- Work request:
The records below must be written out exactly, with every picture left behind.
[[ Material supplied open ]]
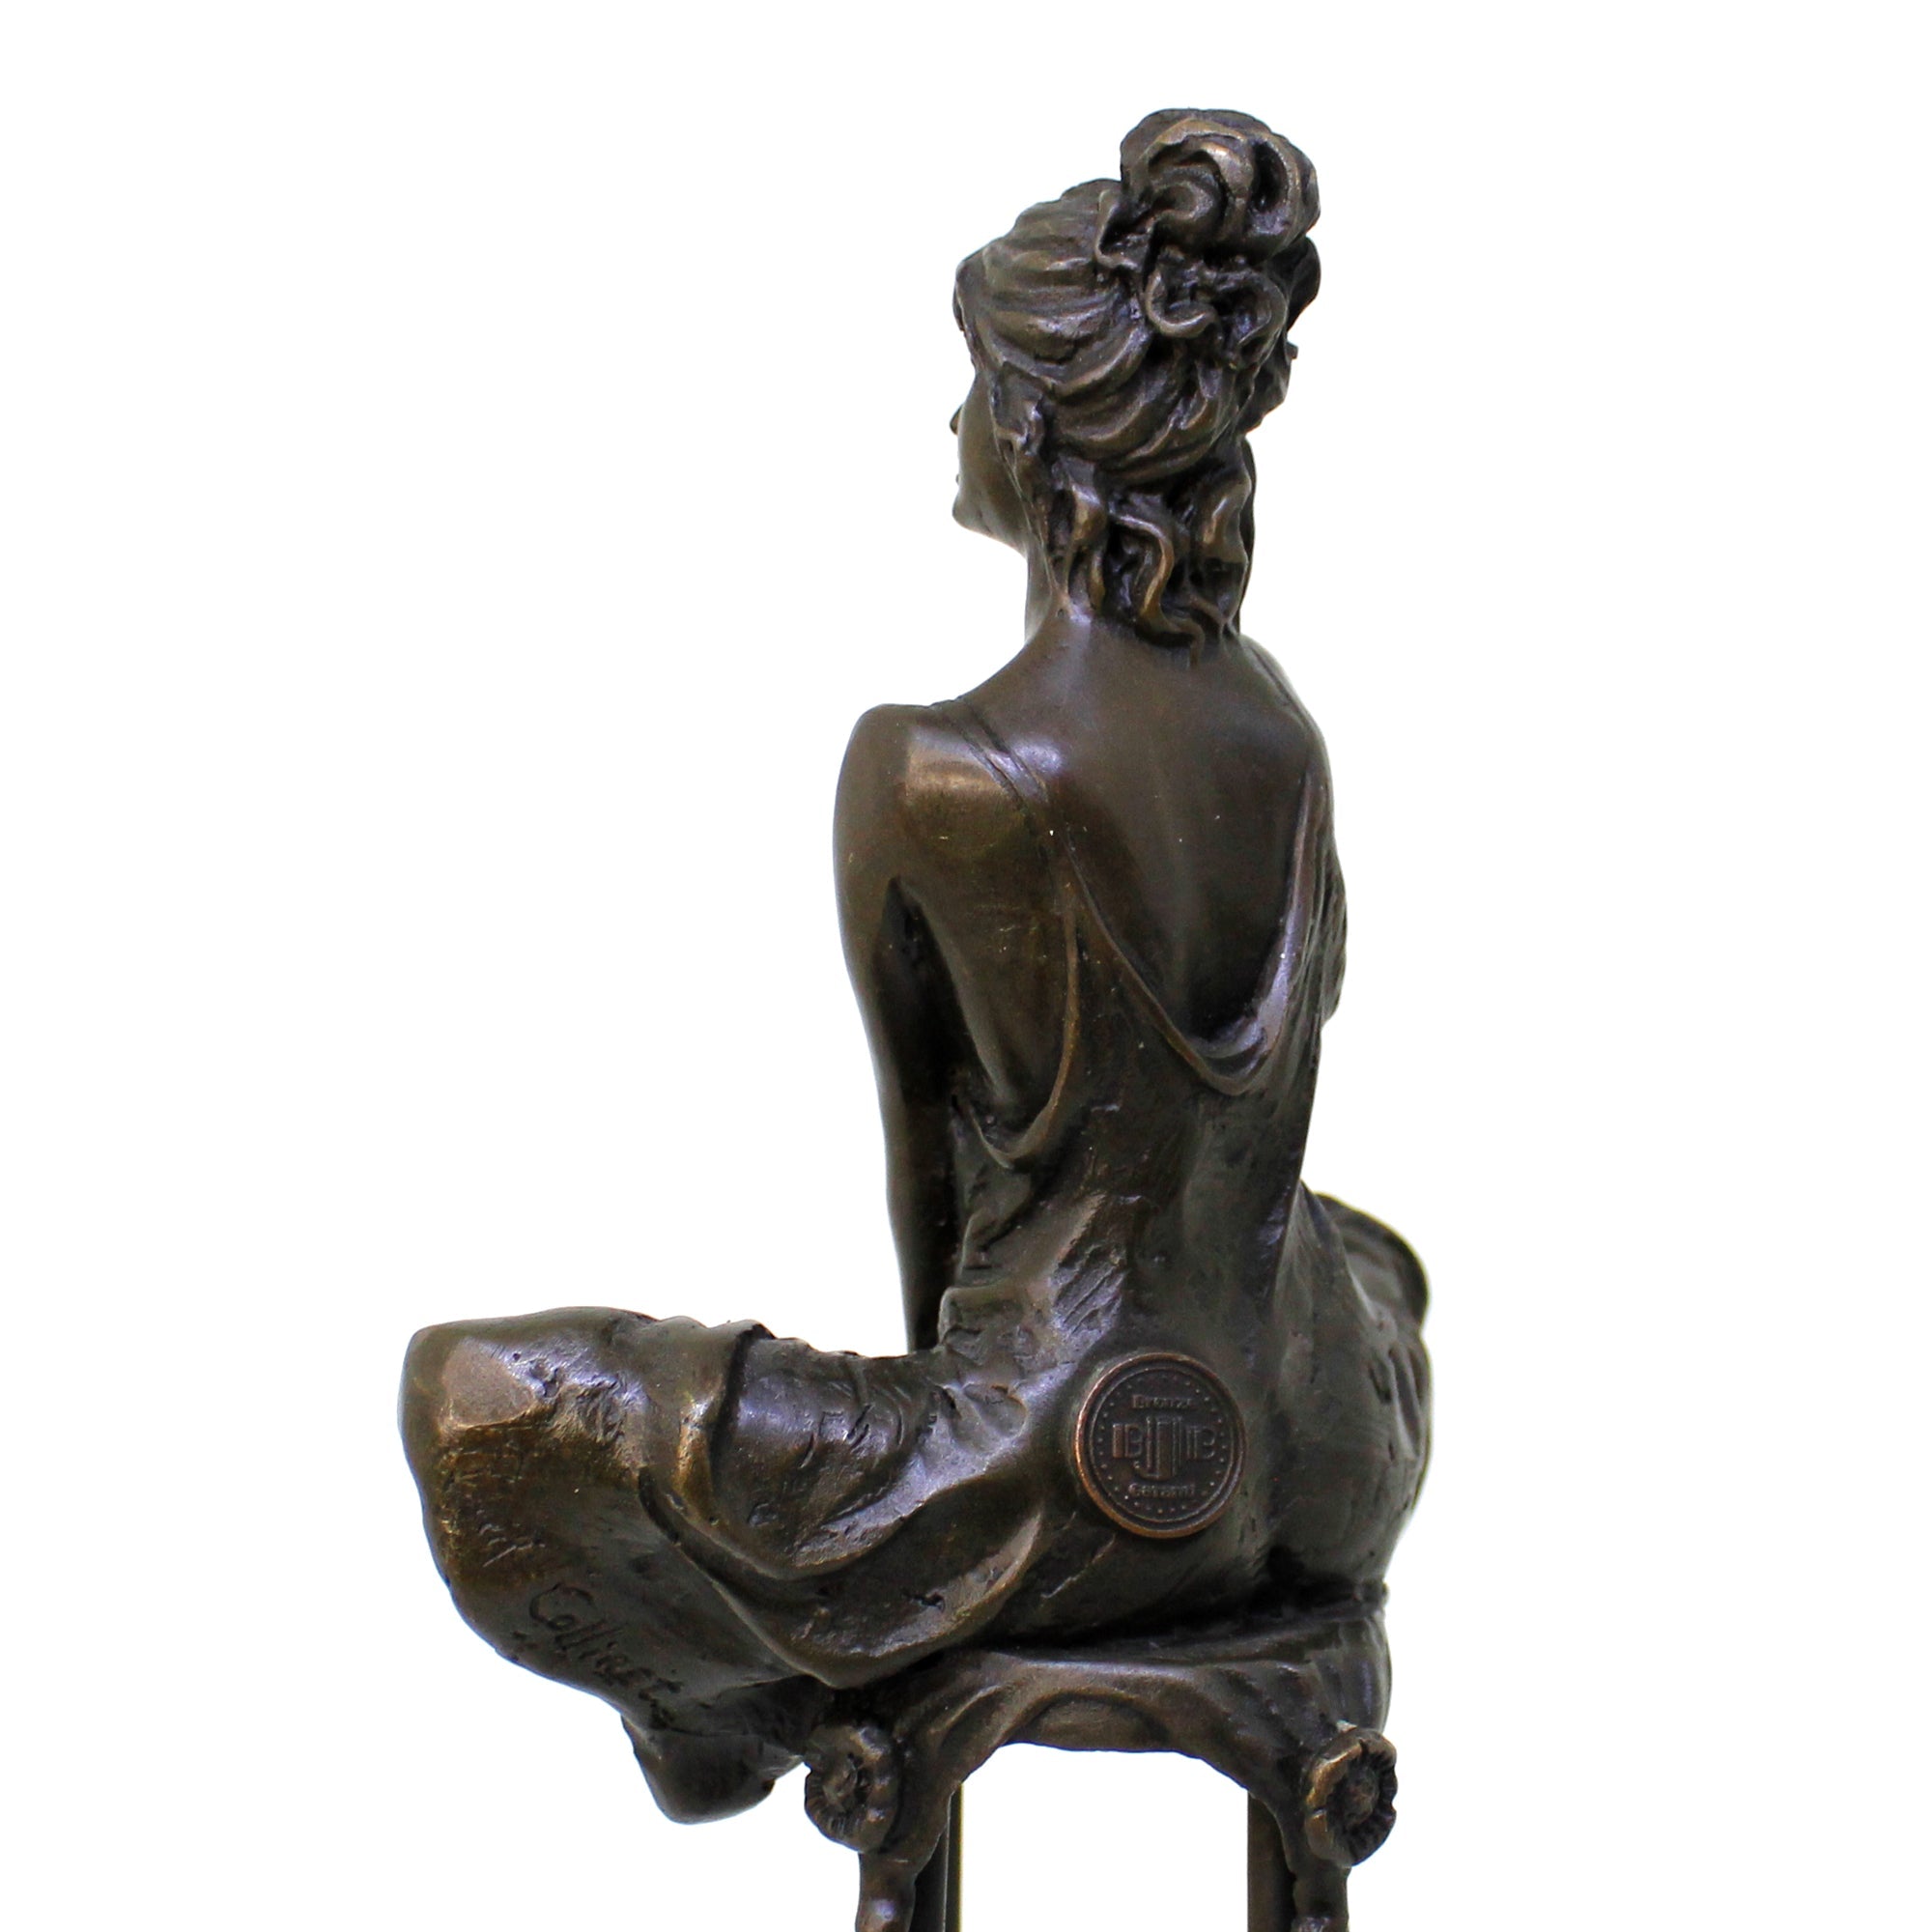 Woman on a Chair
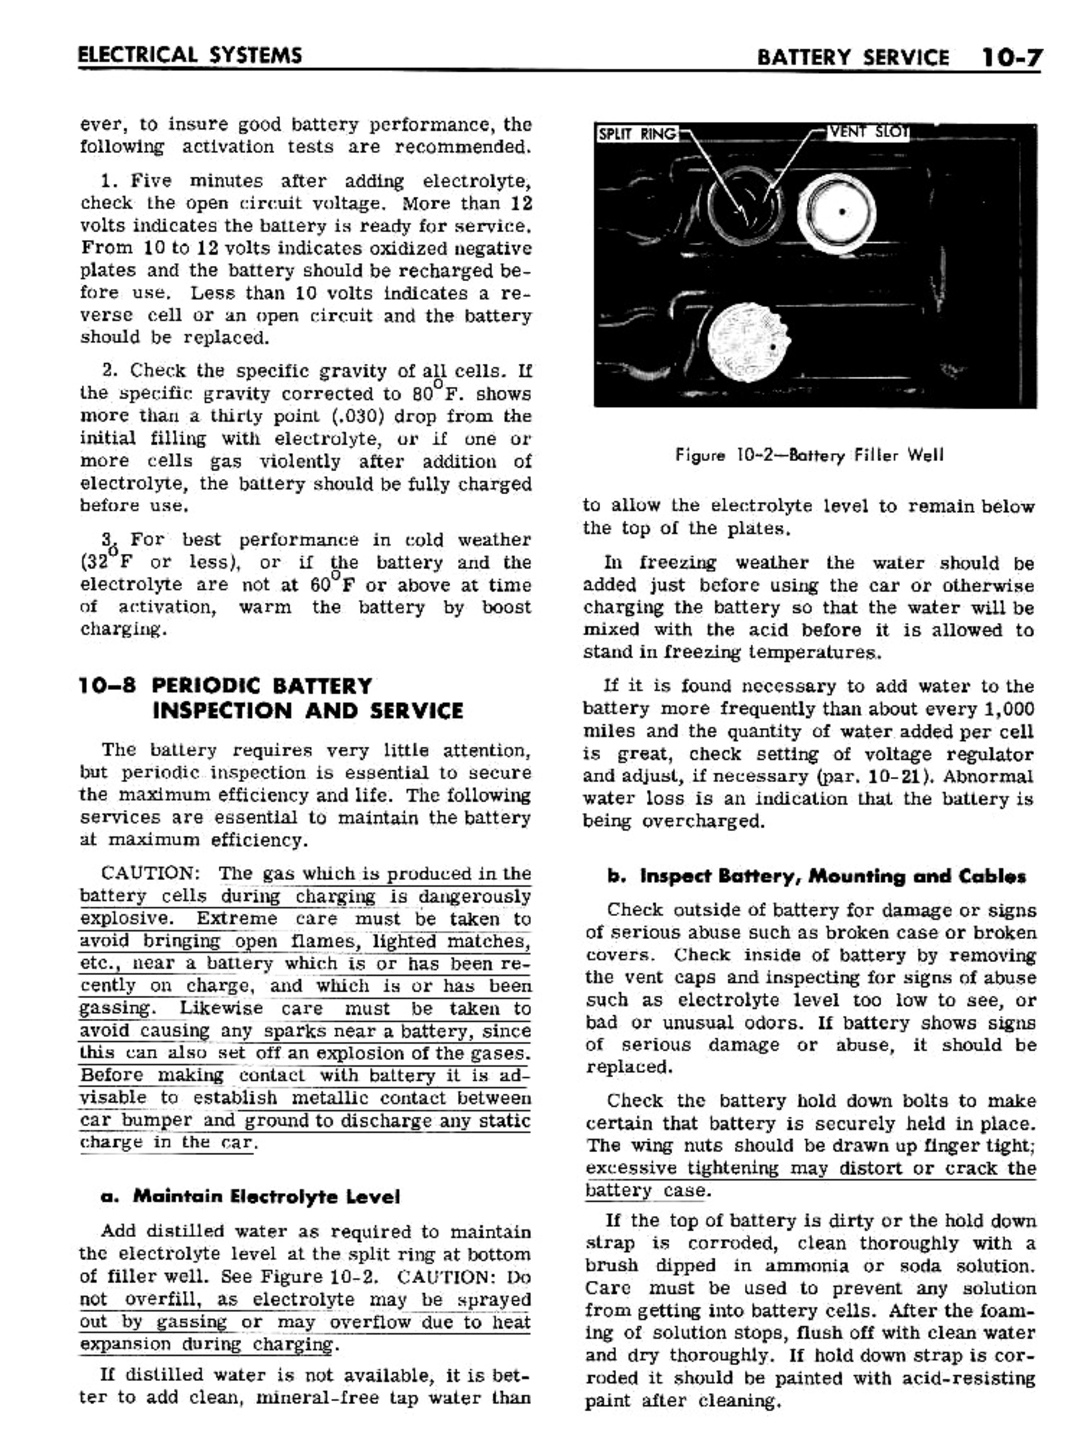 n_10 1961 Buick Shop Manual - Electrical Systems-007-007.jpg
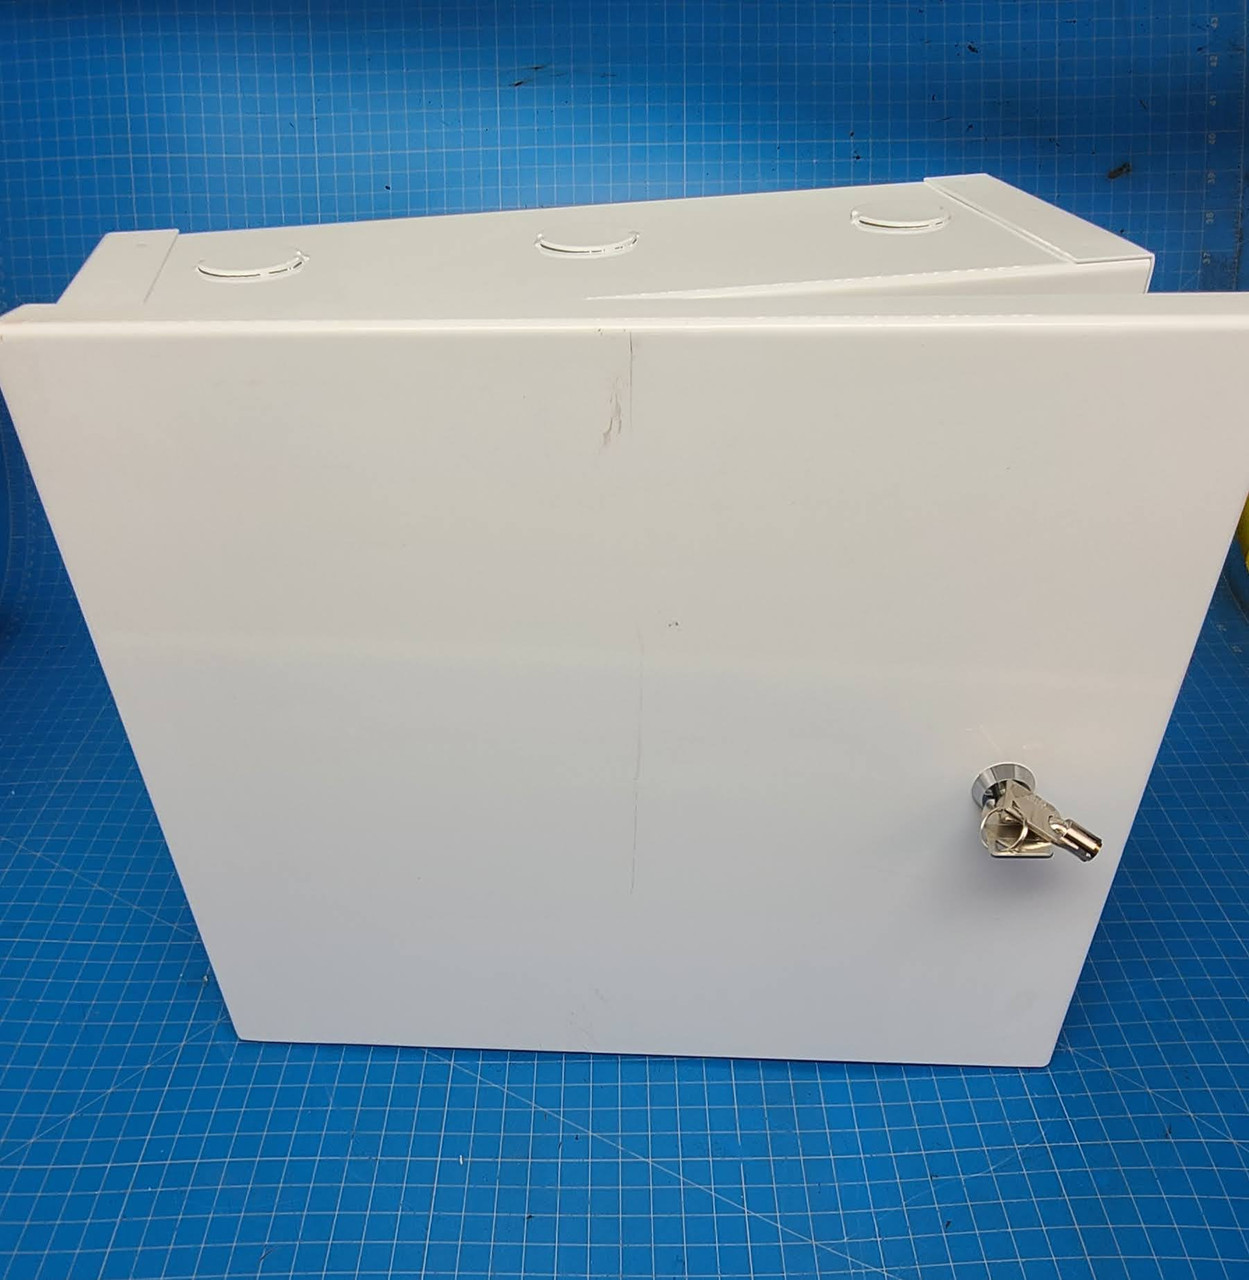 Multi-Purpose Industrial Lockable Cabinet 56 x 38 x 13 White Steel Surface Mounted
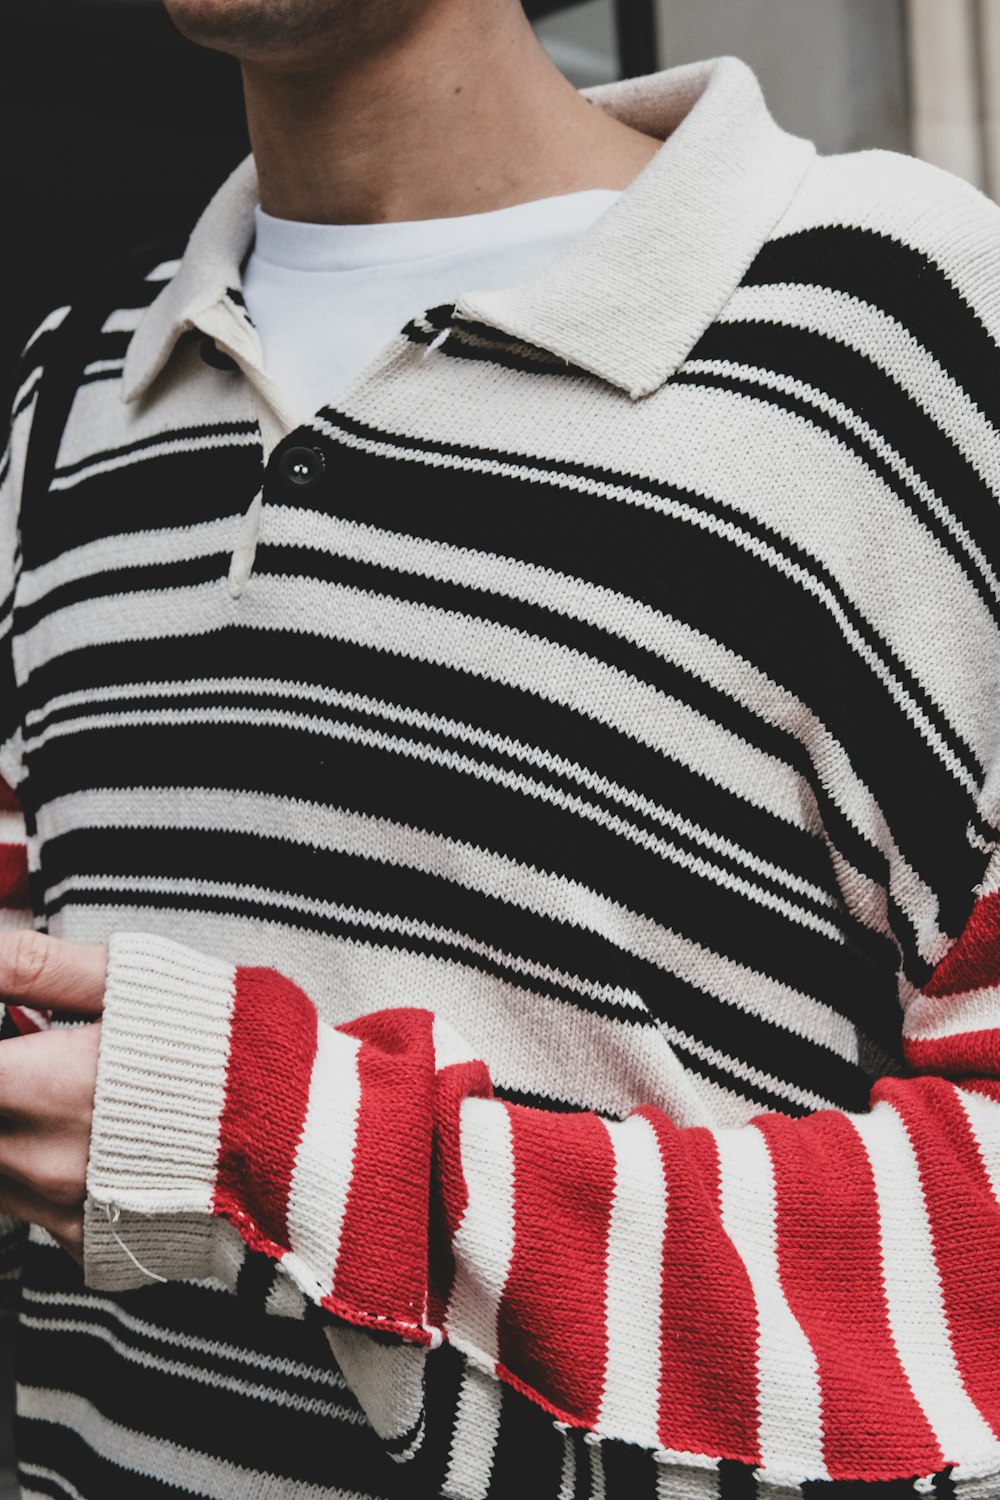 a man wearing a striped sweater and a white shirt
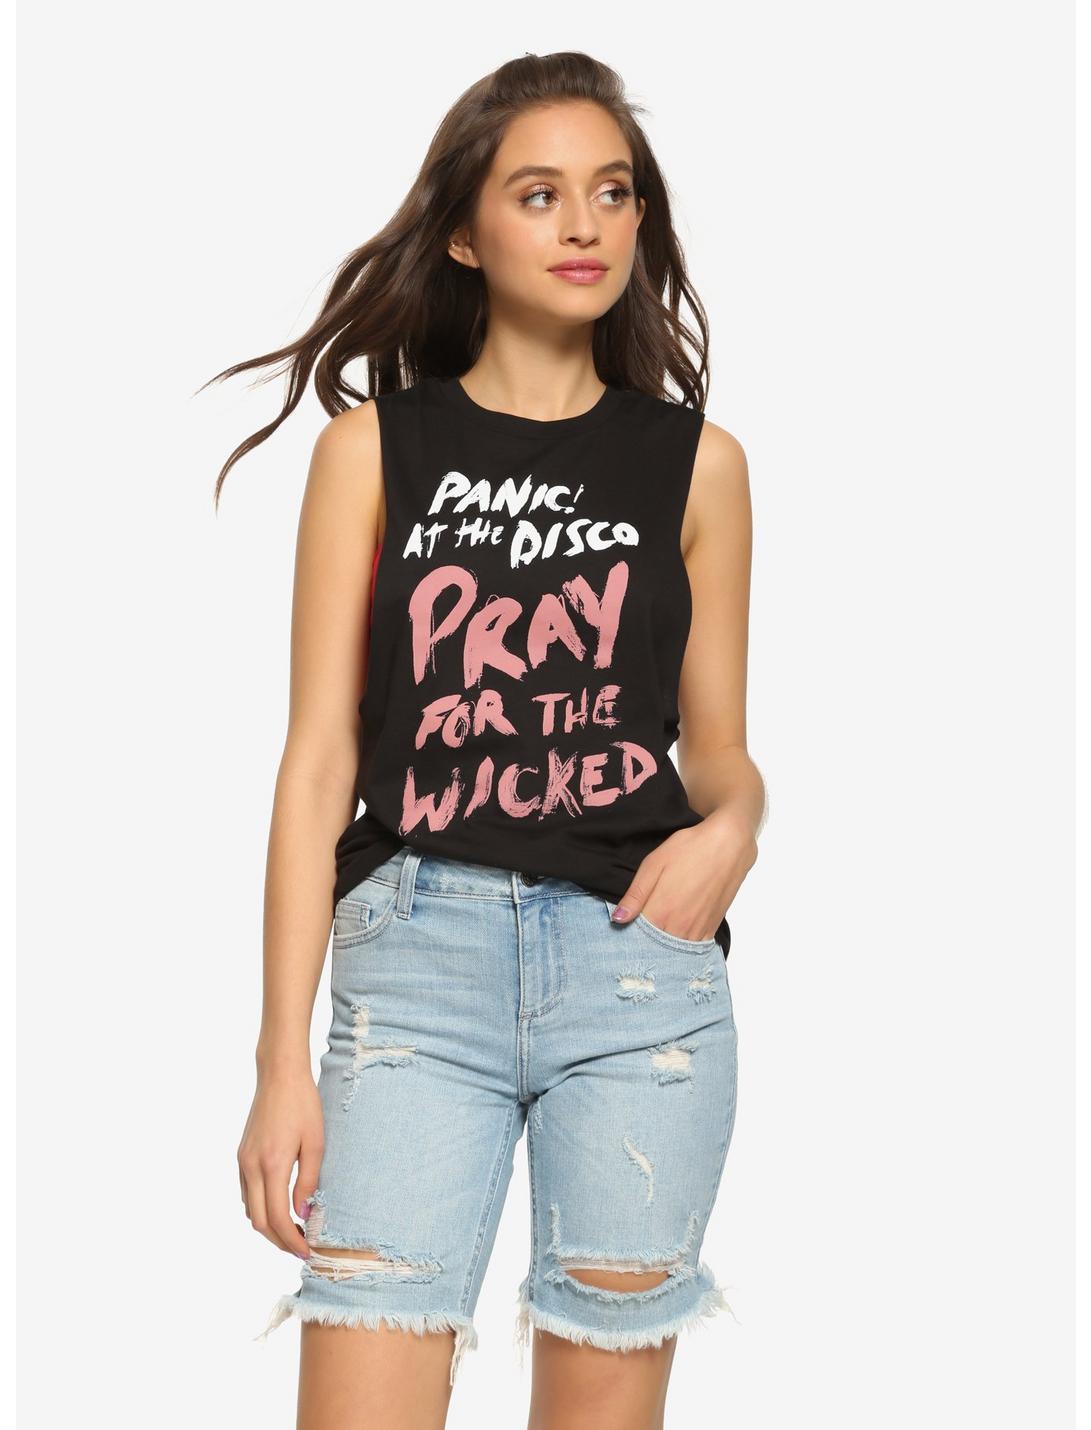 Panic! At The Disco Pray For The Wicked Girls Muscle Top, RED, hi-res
[[ Material supplied closed ]]
- Solution for this task:
 Woman on a Chair
 n_10 1961 Buick Shop Manual - Electrical Systems-007-007.jpg
 Multi-Purpose Industrial Lockable Cabinet 56 x 38 x 13 White Steel Surface Mounted
 a man wearing a striped sweater and a white shirt
 Panic! At The Disco Pray For The Wicked Girls Muscle Top, RED, hi-res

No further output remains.